Adoption and Mental Illness. University of Minnesota researchers. Margaret A. Keyes.
http://tinyurl.com/cagln6

Écrit par : More studies | 27/01/2009

Abandon et adoption sont des traumatismes. Comme le souligne Lamy, les troubles de l'attachement sont en l'occurrence une vérité de La Palice. Mais il serait illusoire de penser que les enfants biologiques en sont exempts...!!! Rares sont ceux qui ont bénéficié de ce qu'on appelle un attachement secure.

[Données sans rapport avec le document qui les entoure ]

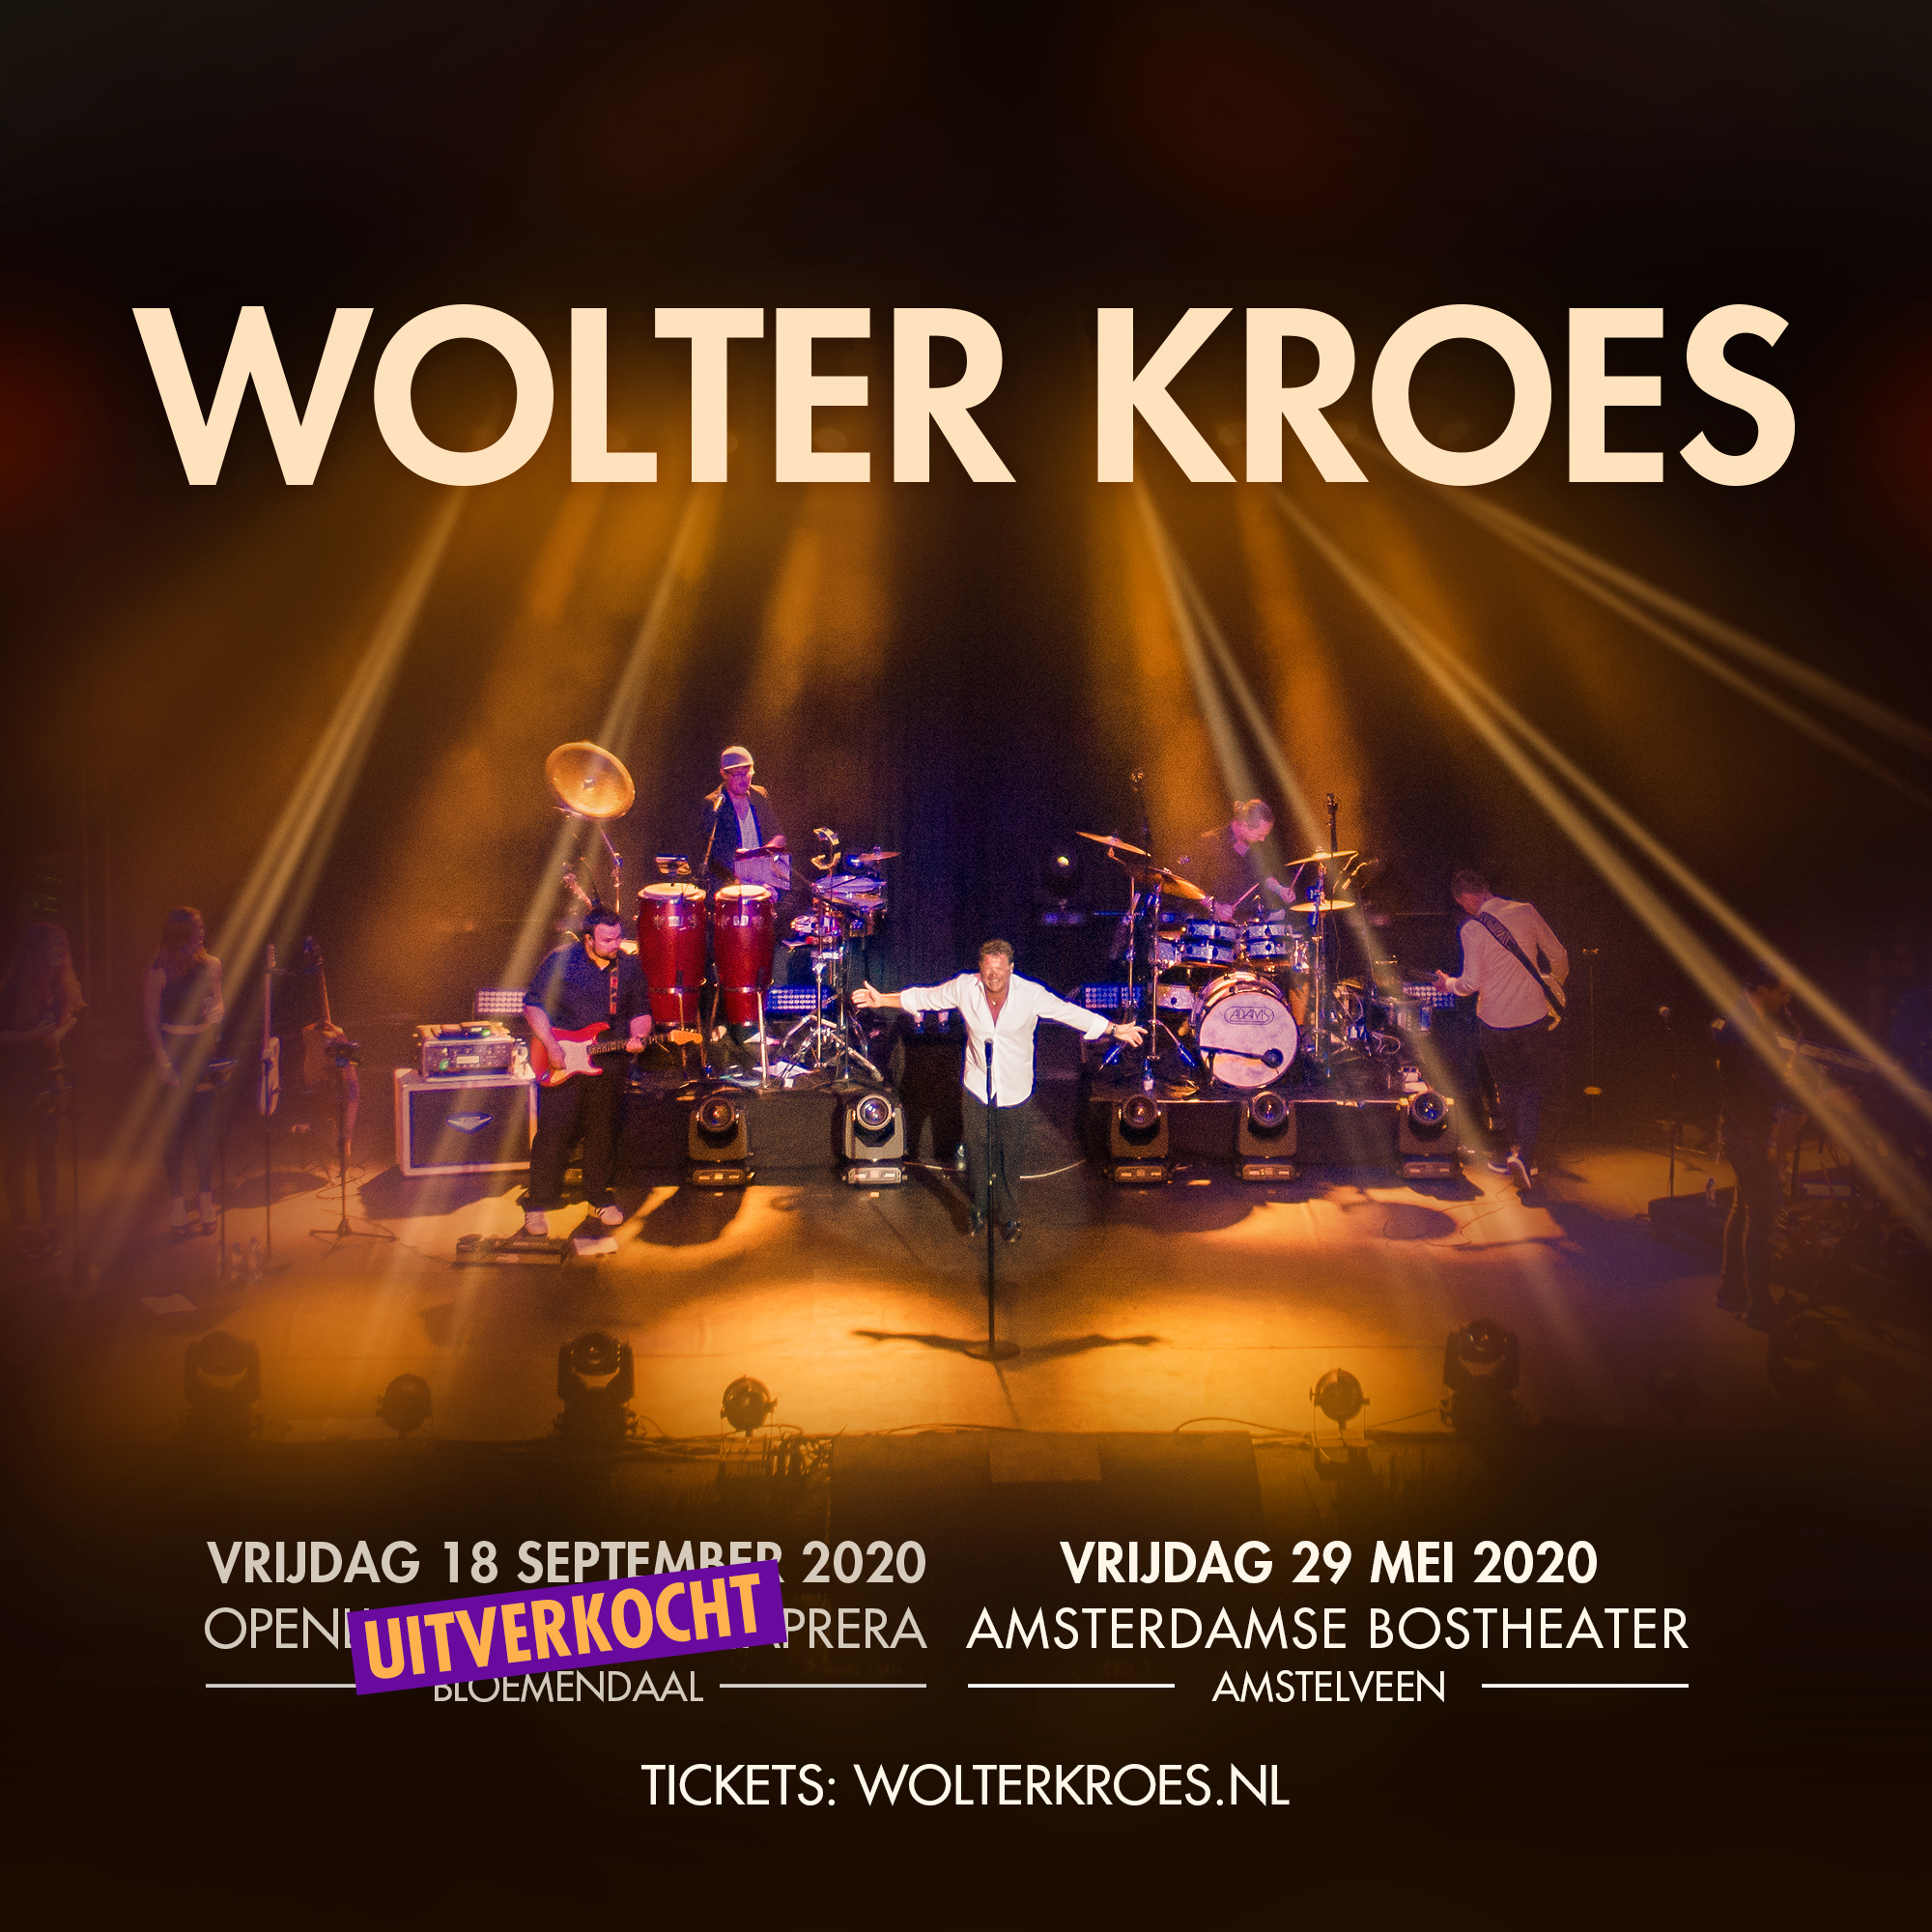 https://caprera.nu/agenda/wolter-kroes/
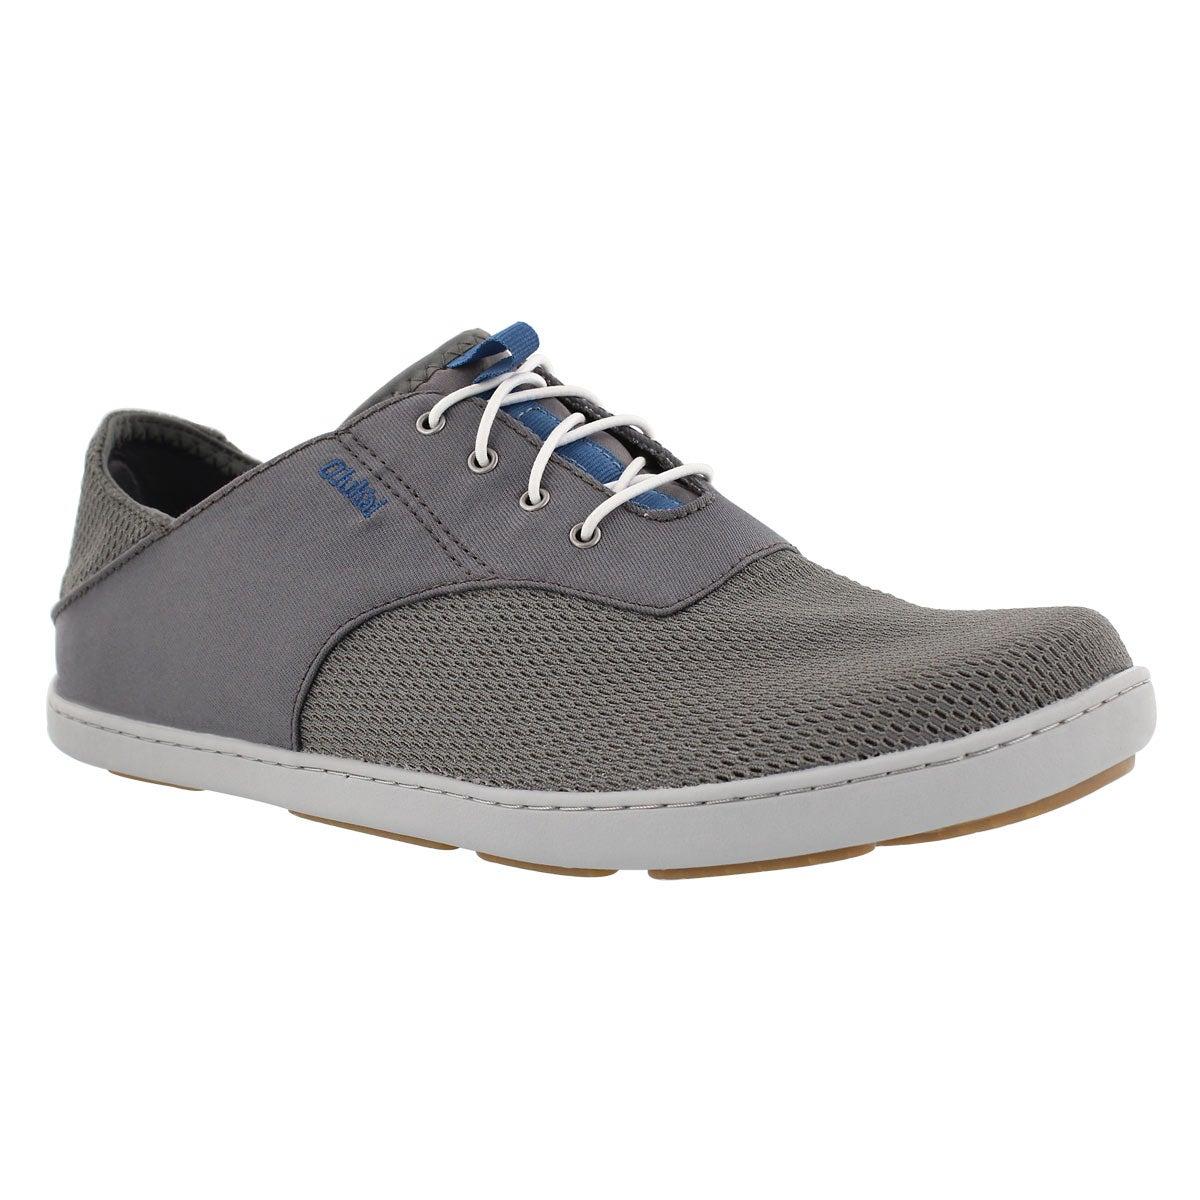 Mns Nohea Moku fog/charcoal sneaker

Dire que les enfants adoptés sont plus fragiles me semble revenir à leur poser une étiquette. Dire que leur histoire les fragilise, c'est autre chose. Il y a là une nuance d'importance qui consiste à ne pas les identifier à l'abandon et l'adoption mais à les regarder comme les êtres qu'ils sont et à leur permettre de retrouver leur puissance intrinsèque pour dépasser leur traumatisme, prendre conscience qu'ils ont profondément, comme chacun de nous, la capacité de dépasser ce qui les fragilise et que ça les rend, ça nous rend plus fort. Ils ne SONT pas fragiles, ils ont une fragilité. C'est subtil, je sais, mais essentiel. Nous avons tous un corps, un psychique, une histoire, des croyances, et aucun n'est parfait. Aucune enfance n'est parfaite car en tout état de cause il n'y a pas de parents parfaits. N'est-il pas de notre chemin de vie, du leur, de prendre conscience de cela pour n'être pas enfermés dans un rôle de victime que confirme cette étiquette d'enfants et d'adolescents fragiles.
Il ne s'agit évidemment pas non plus, bien sûr, de nier le traumatisme, mais encore une fois, de les aider à ne pas s'identifier à lui. Et donc nous , pour les accompagner sur ce chemin, de ne pas les regarder uniquement au travers de ce filtre.